On 2 October 2013 17:36, Marcus Furlong <furlongm@gmail.com> wrote:
Slowly coming to the same same conclusion myself, but I was hoping
this was out of date:

   http://www.faqs.org/docs/iptables/traversingoftables.html

Table 3-2. Source local host (our own machine), at Step 2 the routing
decision is taken before the OUTPUT chain of the mangle table.
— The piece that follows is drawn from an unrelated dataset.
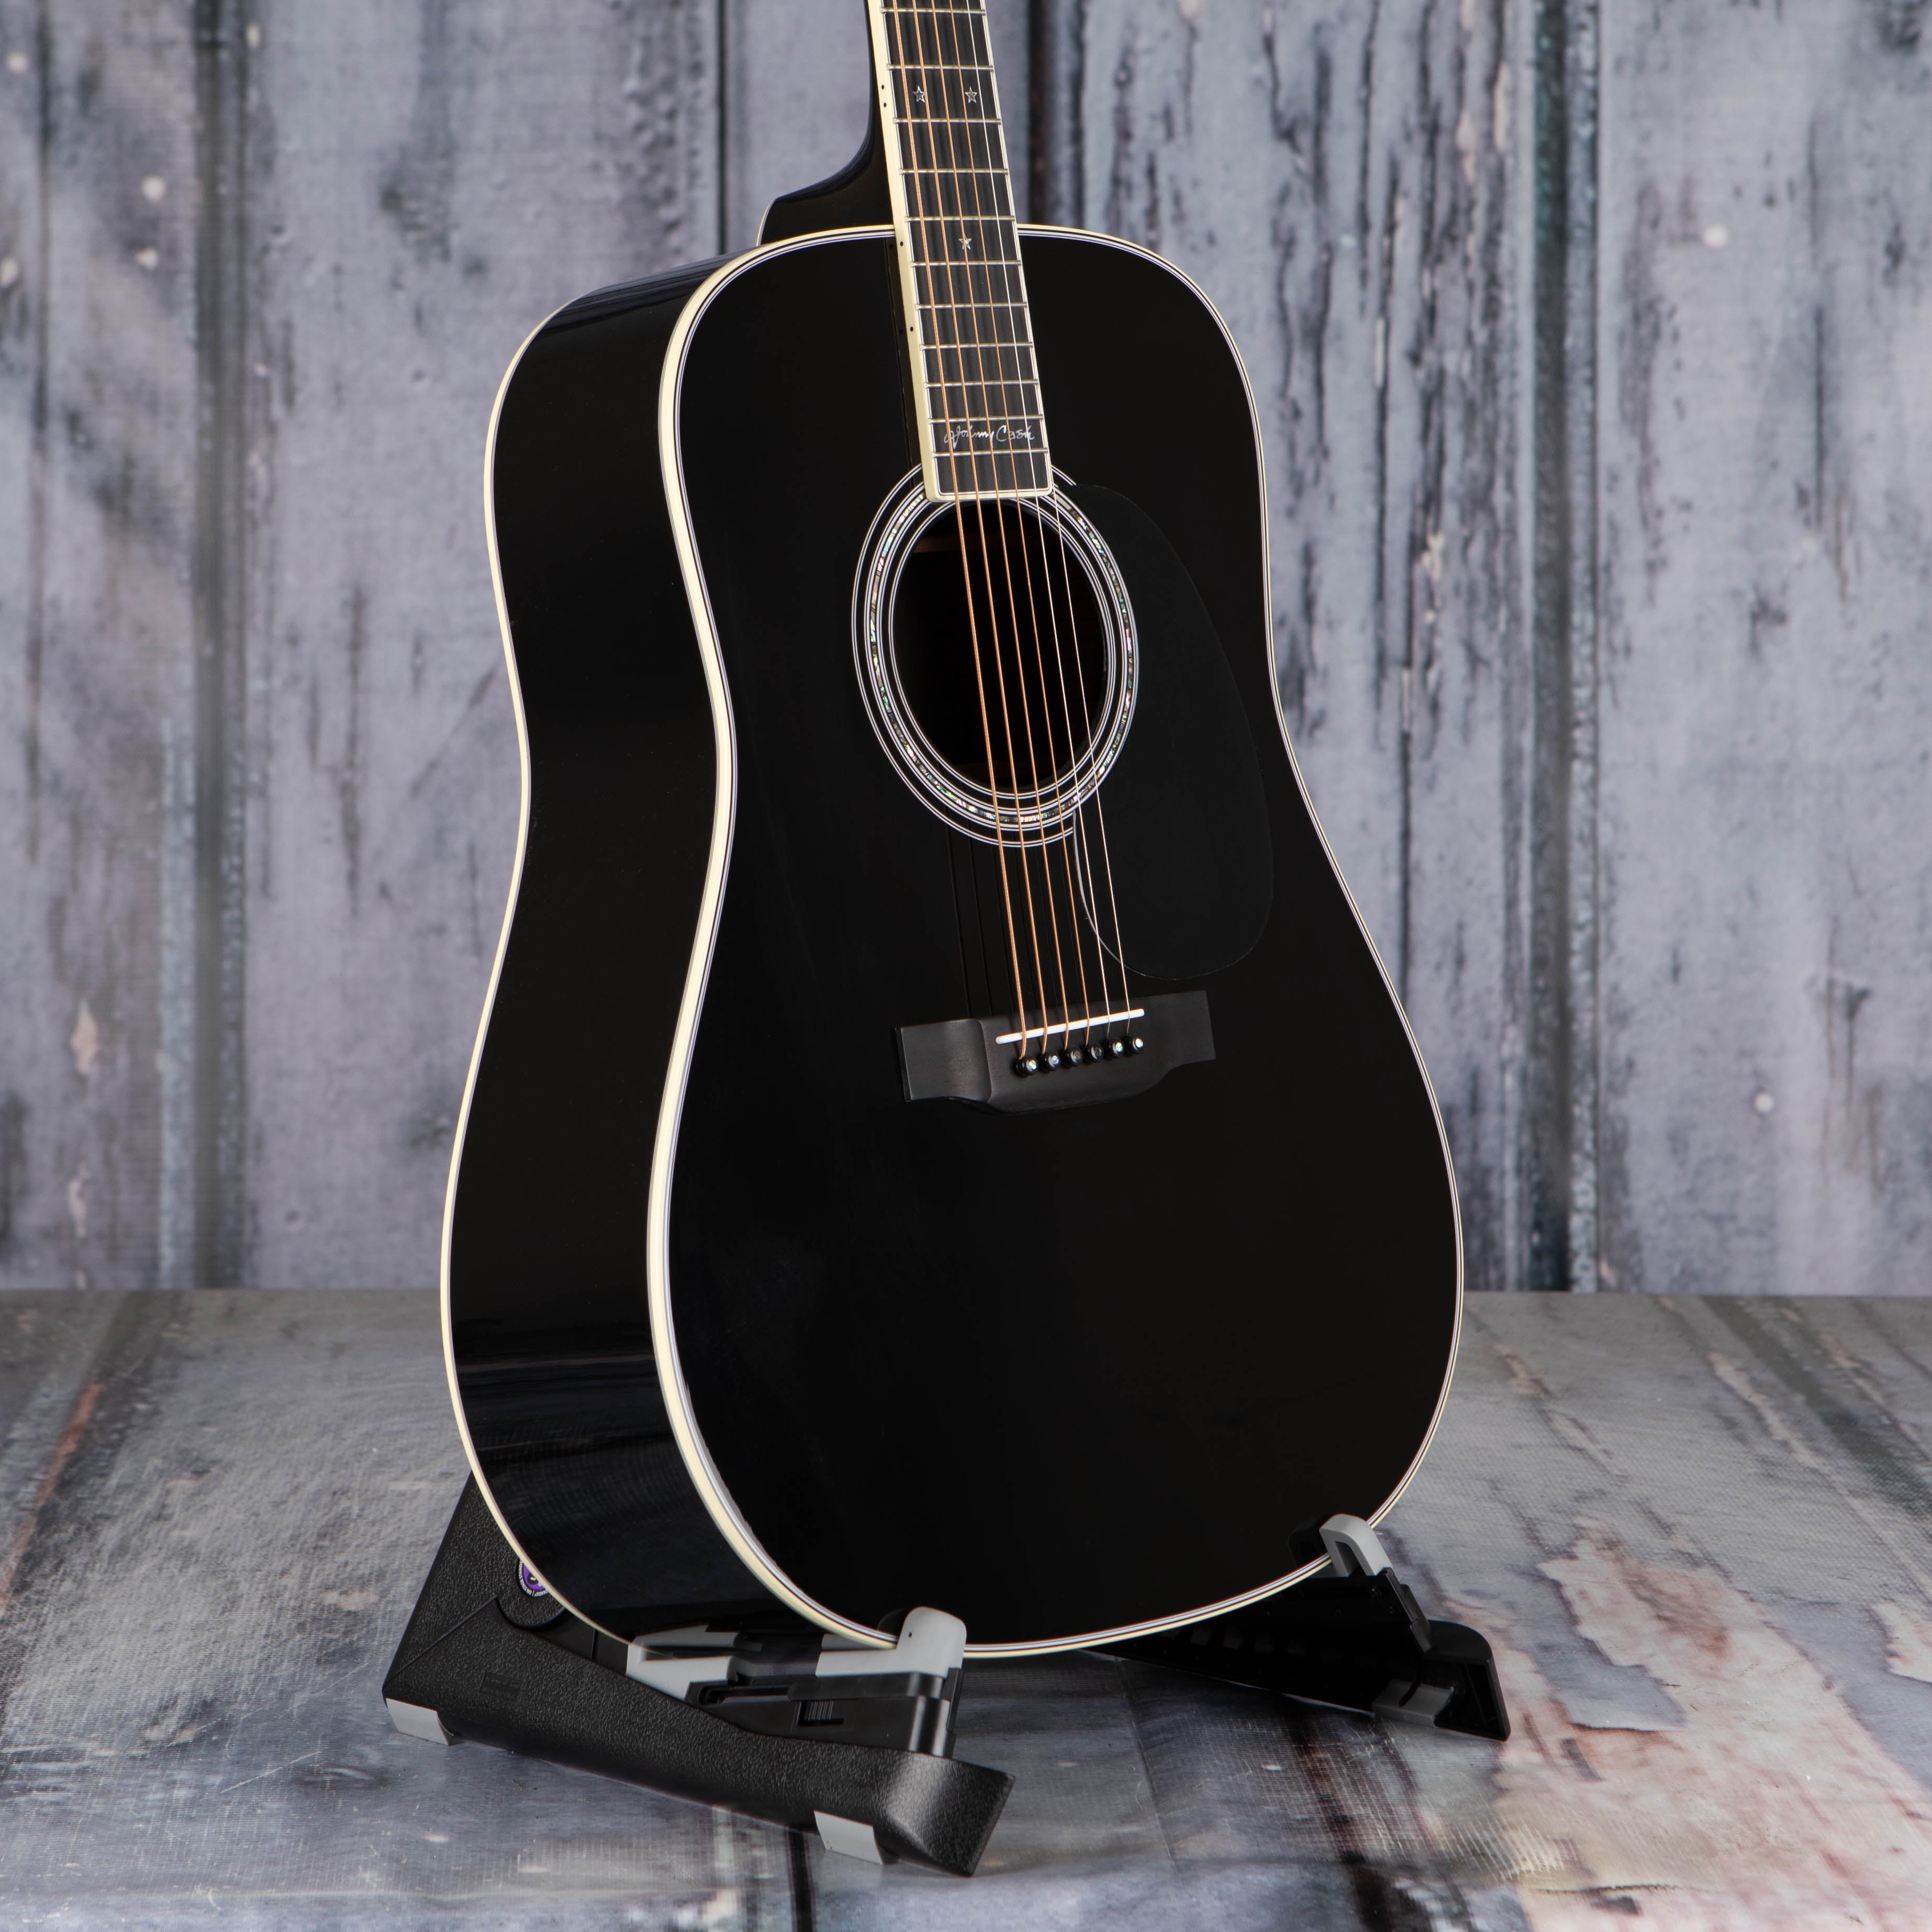 Martin D-35 Johnny Cash Acoustic Guitar, Black, angle

Grr.

Does anyone have any other ideas how I might achieve this?

Apologies for the late response.

As per the diagram:

http://inai.de/images/nf-packet-flow.png

tproxy is the solution that allow things like transparent proxies to work with UDP as well as TCP and for IPv6 as well as IPv4, without relying on NAT.

My understanding of tproxy is that it ends up with (note doing this with ipv6 appears to be broken in the standard wheezy kernel however that is another issue, if you have problems with the wheezy kernel you might want to try a latter kernel from back ports just in case):

OUTPUT(eth0) -> routing -> PREROUTING (lo)

As per the diagram, after mangle:output rule, it does a "reroute check", which is capable of "jumping" back to the prerouting stage. I think. The best explanation I have been able to come up with anyway :-)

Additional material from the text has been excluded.